# Taper Jig for Planer - large piece



## pashley (Mar 22, 2008)

Has anyone used a tapering jig for a thickness planer? I'm not talking about one for a table leg, but for a wide piece?

What I'm trying to do is take a 1" thick piece of stock, about 7"x7", and create a ramp, or a taper from one side almost to the other. The thin end of the taper would be about 1/4", and would ramp up to the full 1" thickness about 5 " later down the piece.

I'm thinking that you either take a regular planer sled, which keeps the workpiece locked in position, but wedging it up under the workpiece and sled, or keeping the workpiece flat on the sled, and putting a piece of scrap on the end of the sled to also create a incline, though I don't think that work work well because the main board of the sled would have to be very stiff.

I can't seem to find much of anything on this on the internet.

Yes, thought of a router jig to make this, but I believe this project might become a product line, so I need an option that is quick, accurate and easily replicated.

Any thoughts would be appreciated!


----------



## bbc557ci (Sep 20, 2012)

using a band saw might be quicker, easier, and safer. Or rough it in on a table saw, then smooth it out on a jointer.


----------



## bondogaposis (Dec 18, 2011)

Yeah, a band saw is my thought too as being easier and faster.


----------



## jap (Oct 10, 2012)

Band saw then use a planer jig, (if your bandsaw is big enough). Just planer jig might take to many passes.


----------



## cabmaker (Sep 16, 2010)

Sounds futile to me. If your piece is only 7 inches long you could easily bandsaw it or if you need it quickly just hand plane it.

The taper you describe is a job for the jointer assuming yours has the width capability but being your work piece is only seven inches long that may kill that deal.

(#5 jack)
JB


----------



## Loren (May 30, 2008)

For that I don't think a planer will work well.

I'd band saw the wedges and use a router jig to surface the
cut face. Hold the part down with double stick tape or
a vacuum clamp. If dimensions aren't strictly critical
perhaps a belt sander would work. An overarm router
would work well too.

It may be feasible to remove most of the waste using 
a pair of jigs on the table saw. Then split or cut off 
the left over section between the saw kerfs.


----------



## DanYo (Jun 30, 2007)

I made a taper jig for a planer before. 
What you are describing should work.

I would block the ends and use double sided tape to hold it secure.

Planer fixture made with hardwood plywood should give consistent repeatable results.

Make a cheap prototype to test it out and something better if the production comes thru.


----------



## SPalm (Oct 9, 2007)

I used a taper sled for my drum sander that did about what you are saying. I used it for pizza peels that were about a foot square and tapered from really thin to about an inch thick.

I cut a bunch of long triangles out of ply and glued them to a sled, so the work piece was held at an angle. I also allowed for the handle.
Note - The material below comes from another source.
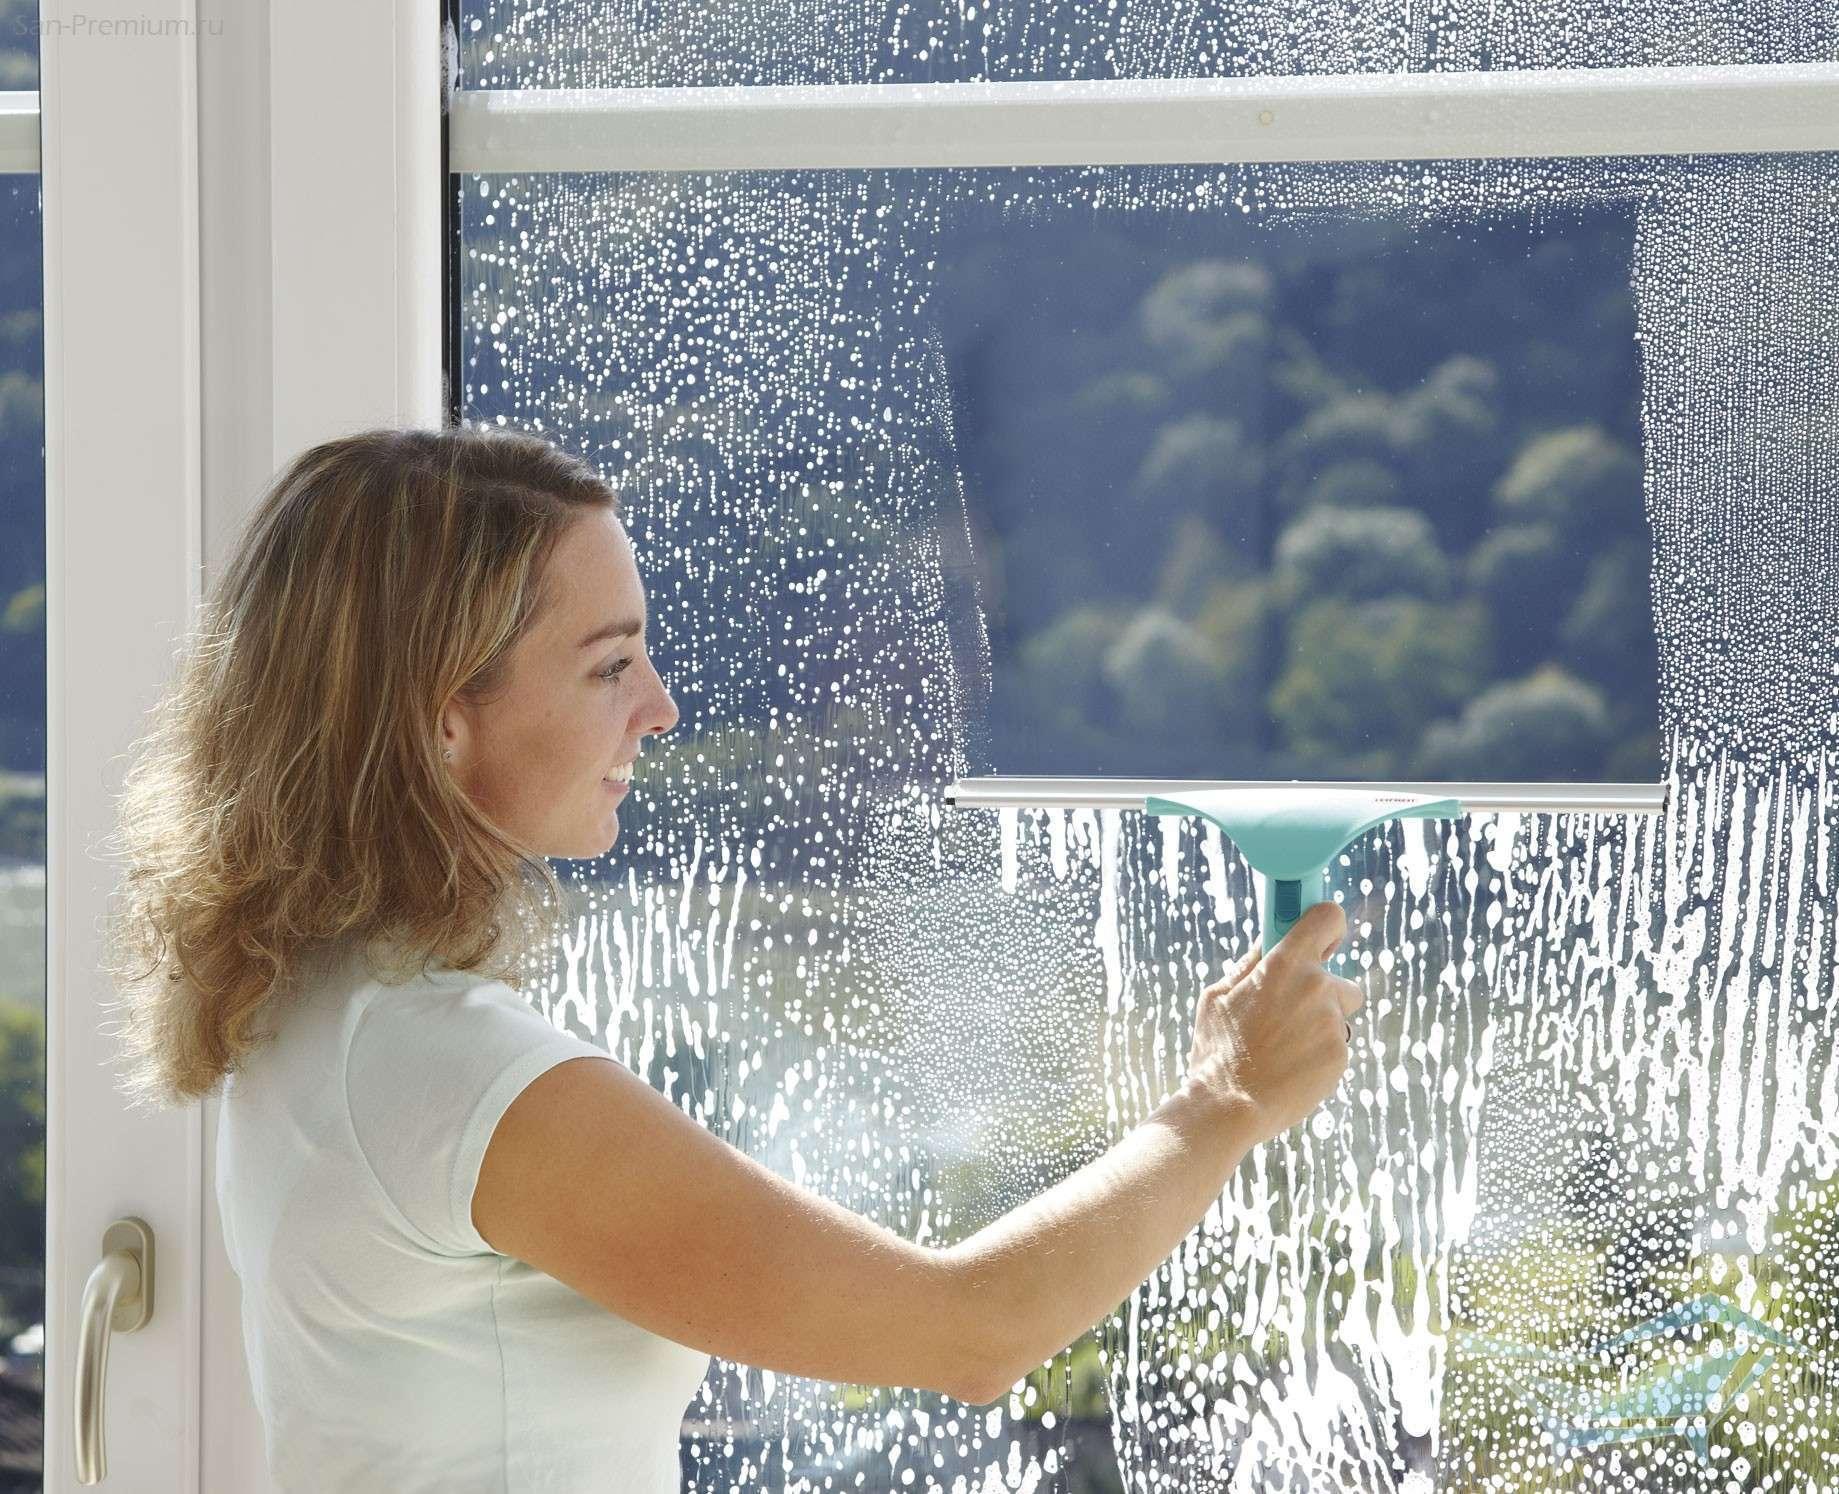 Чистые стекла и зеркала в доме — это легко

I had a stop block at the back of the work piece that held it from sliding back, and little stop blocks on the sides that held it in place. No double sticky tape was needed. I made eight peels with the same sled. Just went slow - it worked great.

Steve


----------



## gfadvm (Jan 13, 2011)

That will work as long as your pieces are well attached to your sled/carrier board. It will take quite a few passes and you very well may have a snipe problem with these short pieces.

If I needed a lot of these wedged pieces, I would plane the wedge desired on a long board and then cut my 7" pieces. Much quicker and you would only have to deal with snipe once.


----------



## shawnmasterson (Jan 24, 2013)

7" seems small for the smallest piece through a planer. mine requires no less than 11"


----------



## mantwi (Mar 17, 2013)

Shawn Masterson is right. If the workpiece doesn't engage at least one feed roller it will become a projectile. I may not make it out of the machine but it could wreak havoc on the works. I wouldn't feel safe running anything through a planer that wasn't an inch or two longer than the distance between the feed rollers sled or no sled. It just doesn't feel safe. gfadvm's suggestion would eliminate the risk.


----------



## rodneyh (Feb 8, 2011)

If you've got an 8" jointer, start with a 7×8 piece with a 3/4" scrap taped (or glued) to the bottom side of the extra inch of width. Run that thru the jointer 6 or 8 times and you're done.


----------